Google first responders

The Cheswick web pages are the first hits for Google for "Internet mapping", "mccollough effect", and maybe others. My question: what others?

I have written little programs to walk a collection of web pages, extract the text, and print out the word pairs. These are submitted to Google (and later, some other search engines), and the results examined for interesting stuff.

http://www.lumeta.com word pairs google hits
http://research.lumeta.com word pairs google hits
http://www.cheswick.com word pairs google hits

What are the word pairs for which cheswick.com (or the mirror, research.lumeta.com) are the first Google hits?

Number one hits for word pairs found on www.cheswick.com and the mirror, research.lumeta.com/ches. The order of the unquoted word pairs changes the search results.

What are the most commonly-reported sites that are not lumeta's?

Open Questions

How tolerant is google of such activities? I have no idea. They seem to let me perform thousands of queries without getting mad, or slowing results, or giving bogus answers. Sometimes, the queries, which usually run at about 1 per second, stop for a minute or so. Is this google throttling, or just Internet weirdness? Google has vast capacity: they say that over a thousand computers touch each query. To minimize this processing, and simplify processing, I make the queries look like they are coming from a PDA.

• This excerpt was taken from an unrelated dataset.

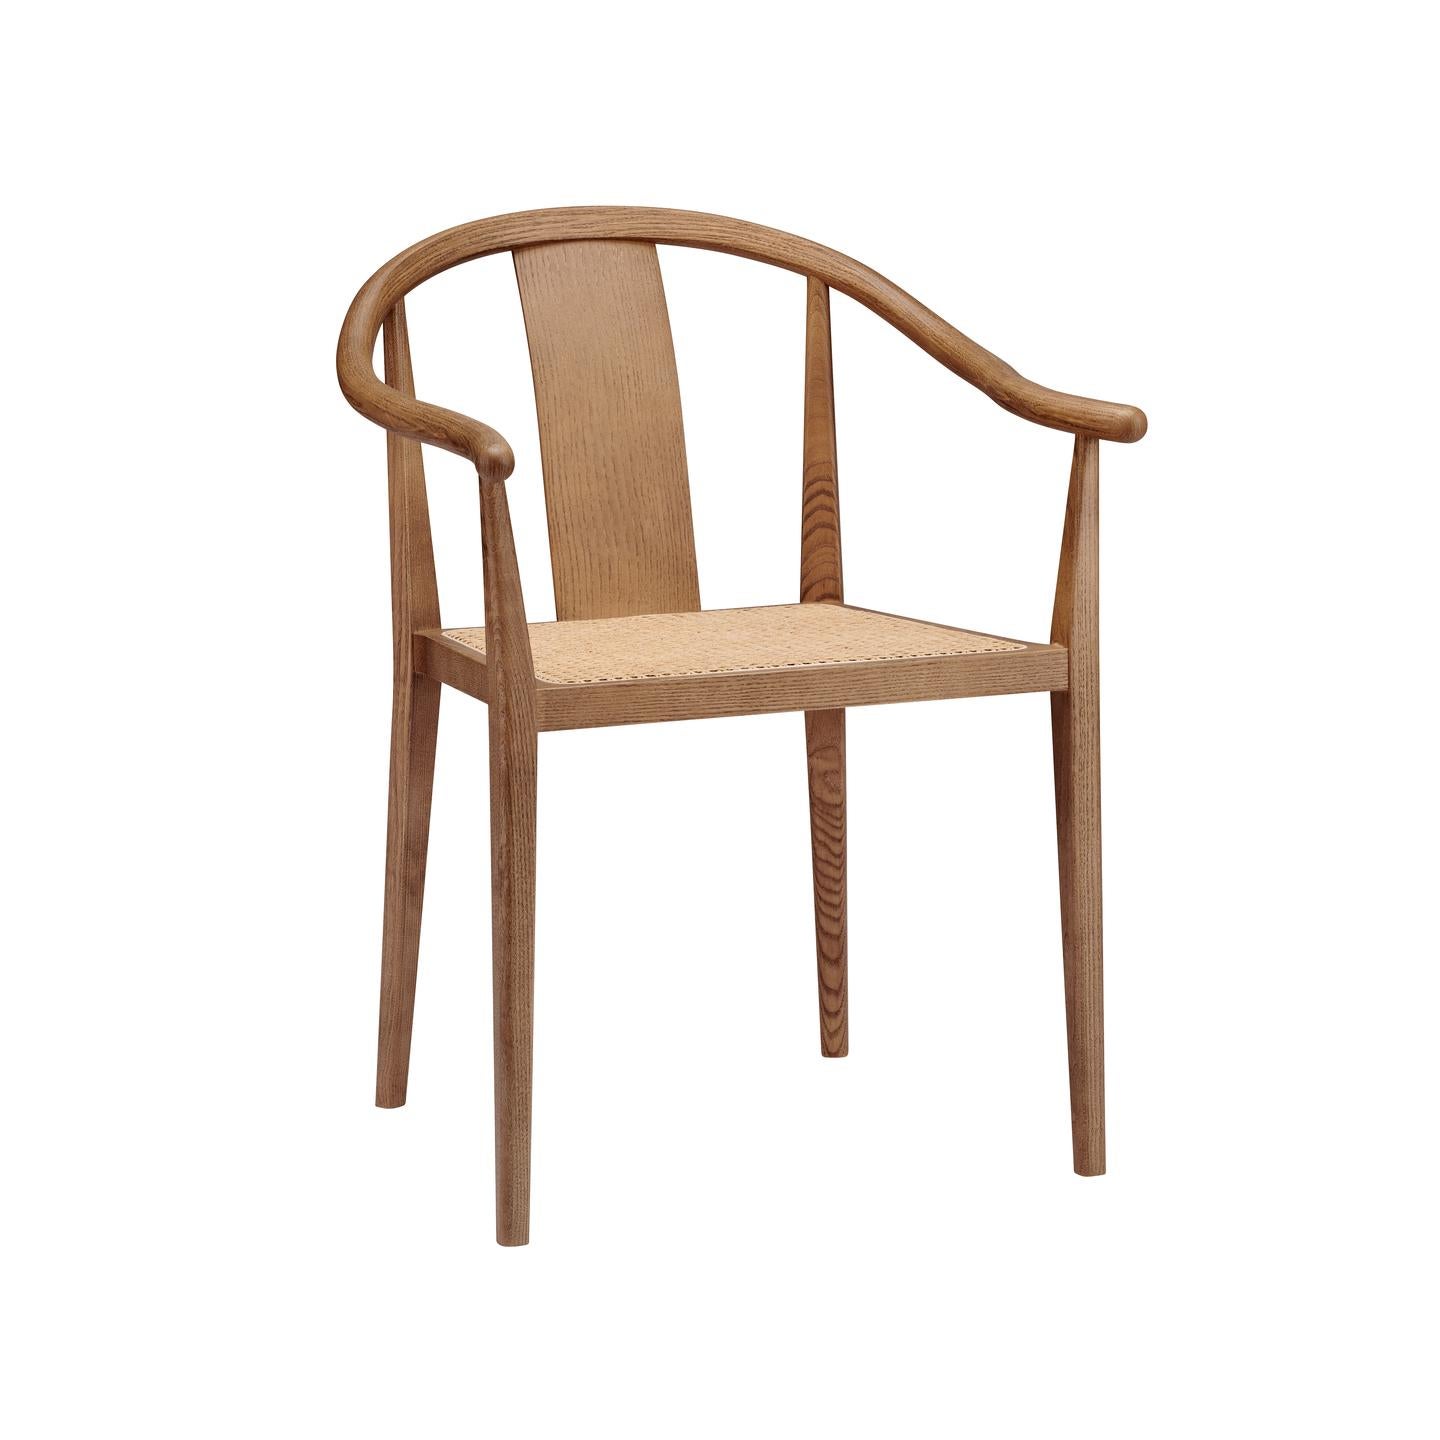 'Shanghai' Chair by Norr11, Light Smoked Oak, Natural Rattan For Sale 7

Google does supply an API for making queries. They say it is limited to 1000 queries per day.

What related work is out there? People must have made explorations like this before. What google queries would help locate such efforts?

Is this information actually useful? Our marketing people are chewing over the data. This certainly finds misspellings. It is easy to be the first hit for a misspelled word, and I have found a couple.